Bankruptcy – Chapter 7 Is The Best Recommendation

This is the Chapter 13 case of Gail Urbanetti who comes to me from Ingleside, Illinois.  She’s interested in Chapter 13; the bottom line is she has a lot of equity in her house and a lot of credit card debt.  The specific facts of her case are as follows: she lives in Lake County, Illinois.  She filed bankruptcy 25 years ago so she is eligible for either Chapter.  She has a single-family home with a market value of $225,000 and an outstanding mortgage balance on that home of $74,000 through Healthcare Associates Credit Union.  So she has a lot of equity in her house.  She’s not renting from anybody, nobody is renting from her.

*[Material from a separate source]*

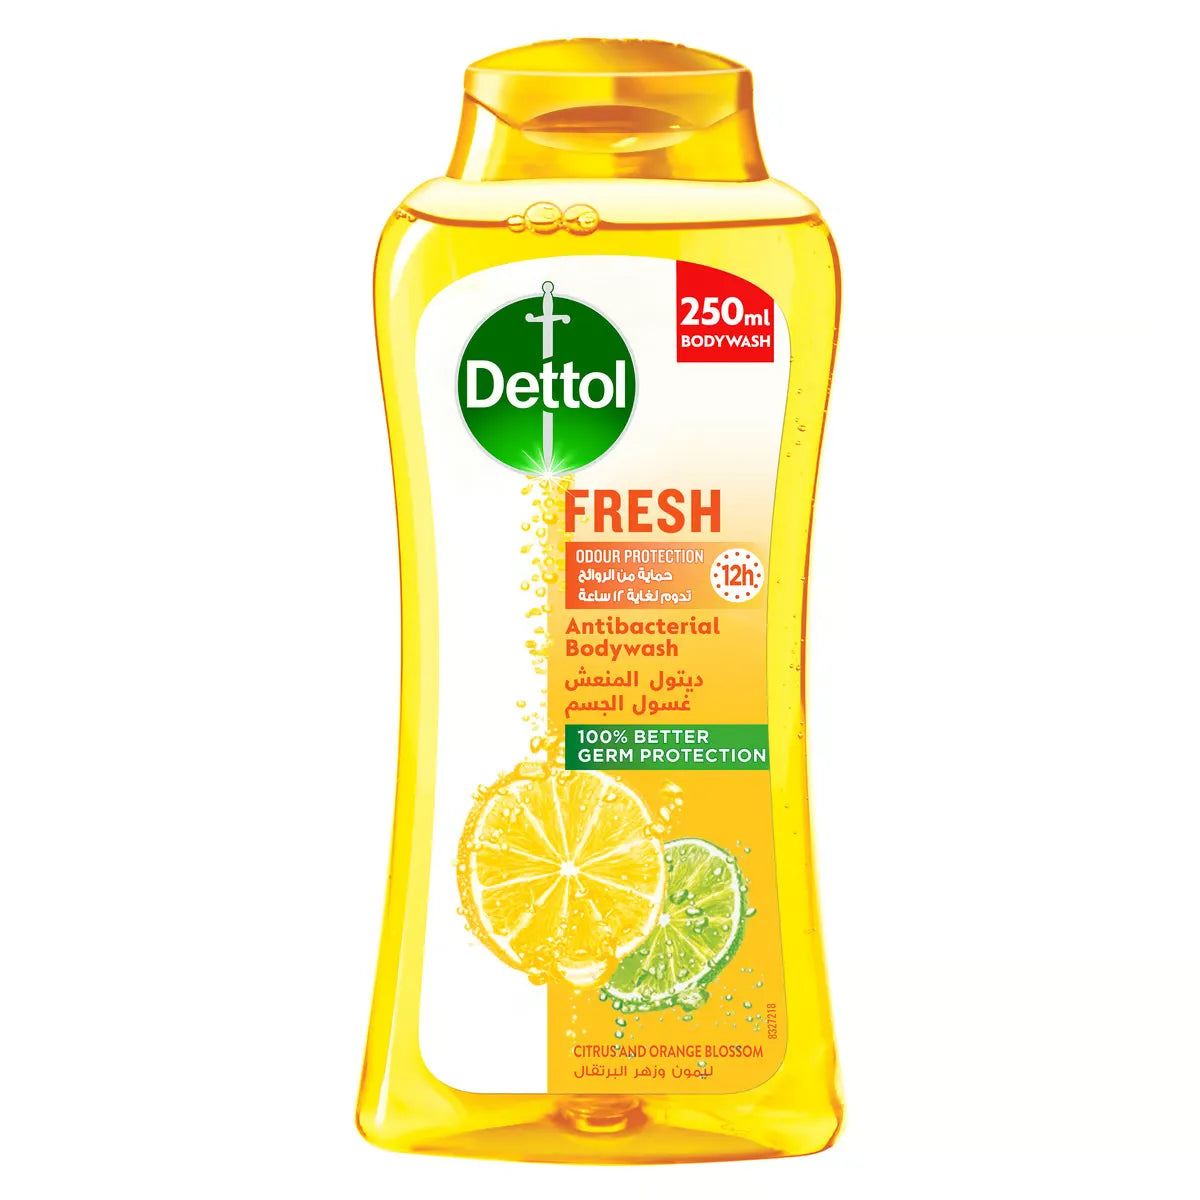 Dettol Anti-Bacterial Body Wash bottle (250ml) in Citrus & Orange Blossom scent.

She has a 2003 Pontiac Grand Prix which is paid in full with approximate value of $5000.  She has a 2006 Chevy Impala which is paid in full with an approximate value of $10,000 and she has a 2007 Chevy Cobalt with an approximate value of $6000 and that vehicle is paid in full.  So she has three vehicles totaling $21,000 in equity.  They are all paid in full with no liens against the vehicles.

In terms of personal property, she has a checking and savings account with approximately $2000 in each.  She has normal household goods valued at about $4000, normal clothing valued at about $800.  She does not have an IRA, 401(k), profit-sharing or other stock, bond or any other retirement account.  She cannot sue anybody for personal injury or workers compensation rights.  She does not have any lawsuit pending.  She does not have any animals and she does not expect to inherit any money in the next six months.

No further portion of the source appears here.